When Michael Stutchbury took over the AFR in 2011, he brought with him the Murdoch-style ideology if “businessomics”.
This is the doctrine that privately owned entities are always right.
It should never be confused with a commitment to free markets because it cannot handle over-concentration requiring regulatory intervention to address market failure.
For Stutchbury, the preeminent importance of private ownership means market failure is nonexistent.
This may strike you as absurd because it is.

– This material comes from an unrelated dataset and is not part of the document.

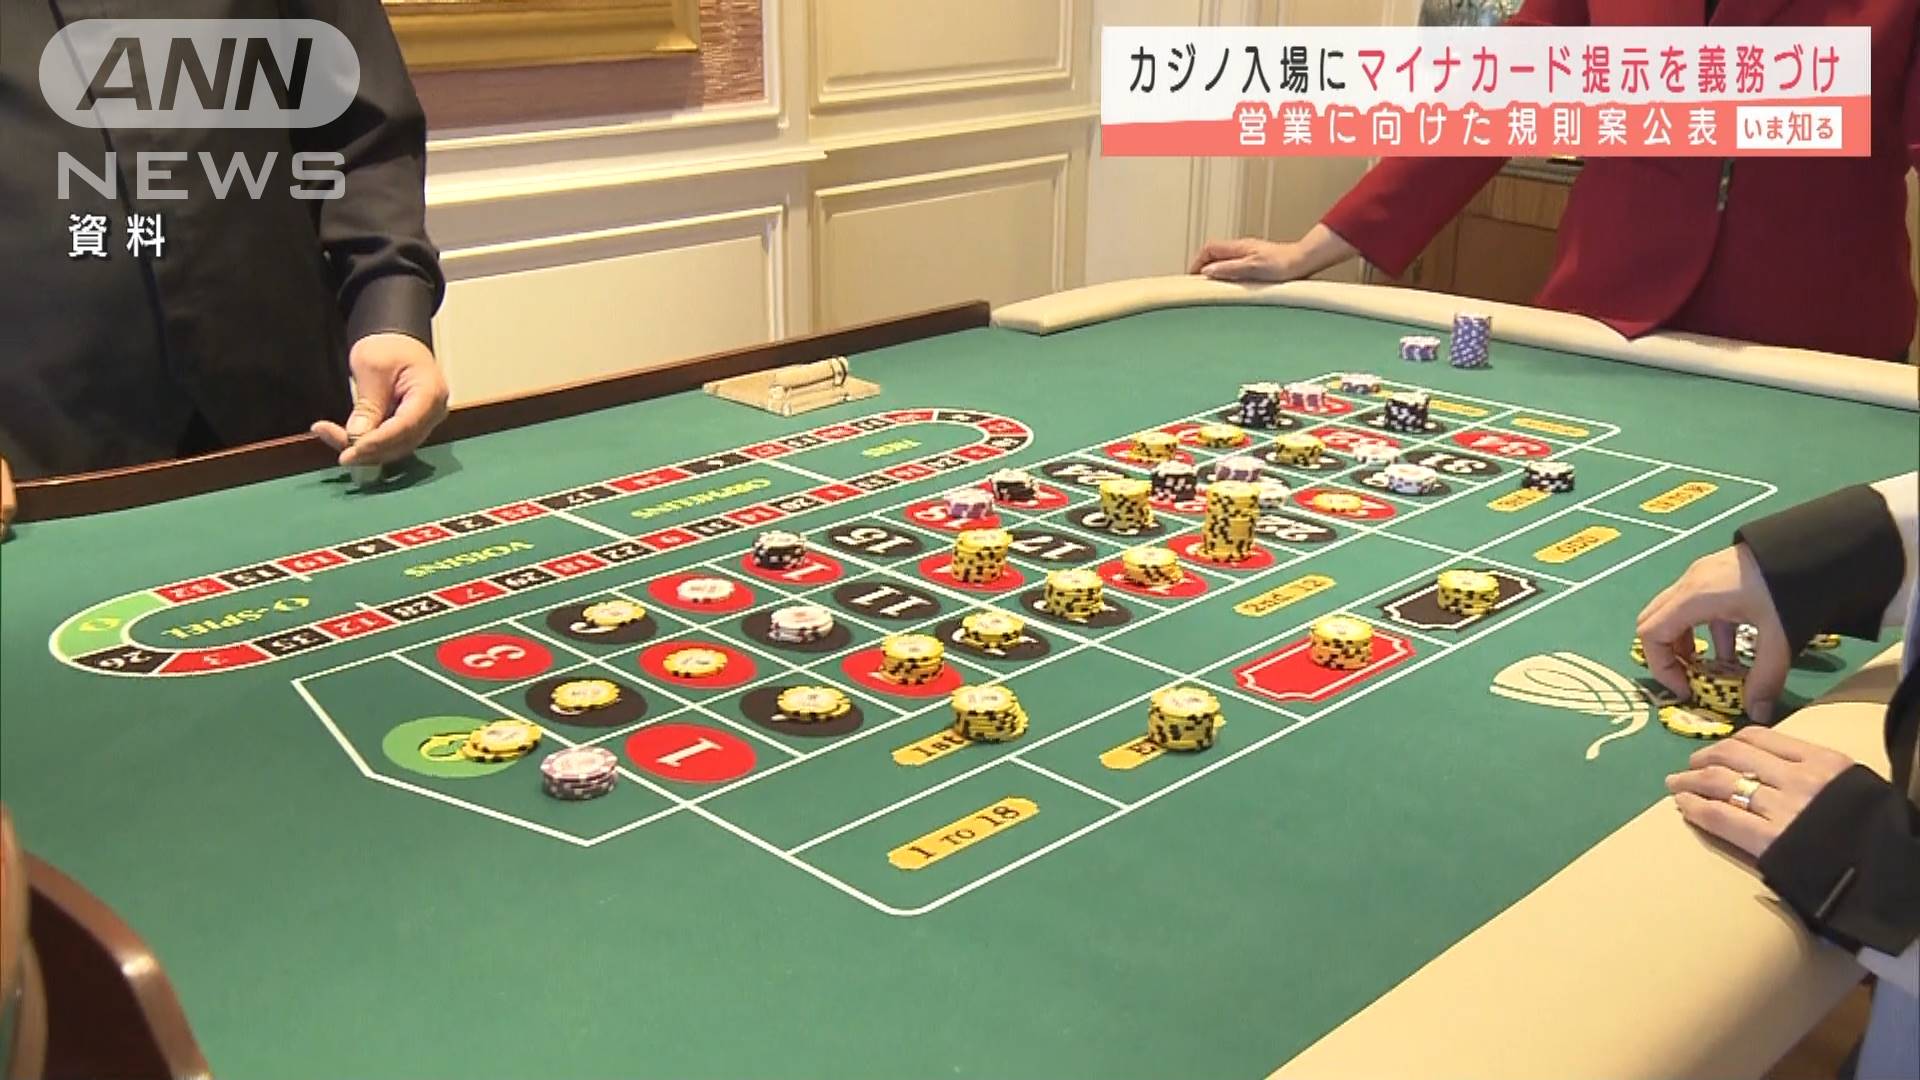 カジノ営業の規則案公表 ギャンブル依存症対策も テレ朝news テレビ朝日のニュースサイト

But it is far worse than that.
Australia’s market economy collapsed into over-concentration years before the spread of Stutchbury’s stupidity, so all he has done is consolidate oligarchy at the AFR.
This has made a mighty contribution to Australia’s collapsing growth outlook for obvious reasons to real liberals.
First, oligopolies do not do innovation.
Second, oligopolies prevent productivity reform via political influence.
Third, oligopolies demand policy formulations that create enormous imbalances.
These three outcomes are rife in Australia and have now killed the economy.
Now the AFR is casting about for answers like a blind man.
The stagnant private sector economy and deterioration in living standards exposed in the national accounts this week have been years in the making.
Labour productivity has failed to improve since 2016; business investment is languishing close to 1990s recession levels; there has been no serious economic reform; undisciplined government spending is in vogue after too much stimulus during the pandemic; and the Reserve Bank of Australia has been forced to push up interest rates to grind household and business activity to a halt and bring inflation under control.
This is businessomics motherhood statement garbage. It is designed to jerk off business, not fix the economy.
Australia’s growth challenge is much more specific and much less AFR-friendly. It boils down to three areas of private ownership that have failed.
- The East Coast gas cartel is more responsible for lingering inflation than stimulus.
- The demands by private businesses for mass immigration have destroyed productivity.
- The Dutch Disease of overgrown banks and miners has hollowed out the external economy.
Note that all of these issues are related to excessively powerful vested interests that enjoy private ownership.
They are the key pillars of AFR “journalism” under Michael Stutchbury.
How to fix it?
- The East Coast gas export cartel must be broken via domestic reservation and/or export levies.
- Mass immigration must be slashed to under 90k.
- Miners must be taxed more heavily and tax breaks passed to every non-mining business.
Which of these would the AFR support? None.
Ergo, the most important prerequisite to fixing Australia is that everybody stops reading the AFR.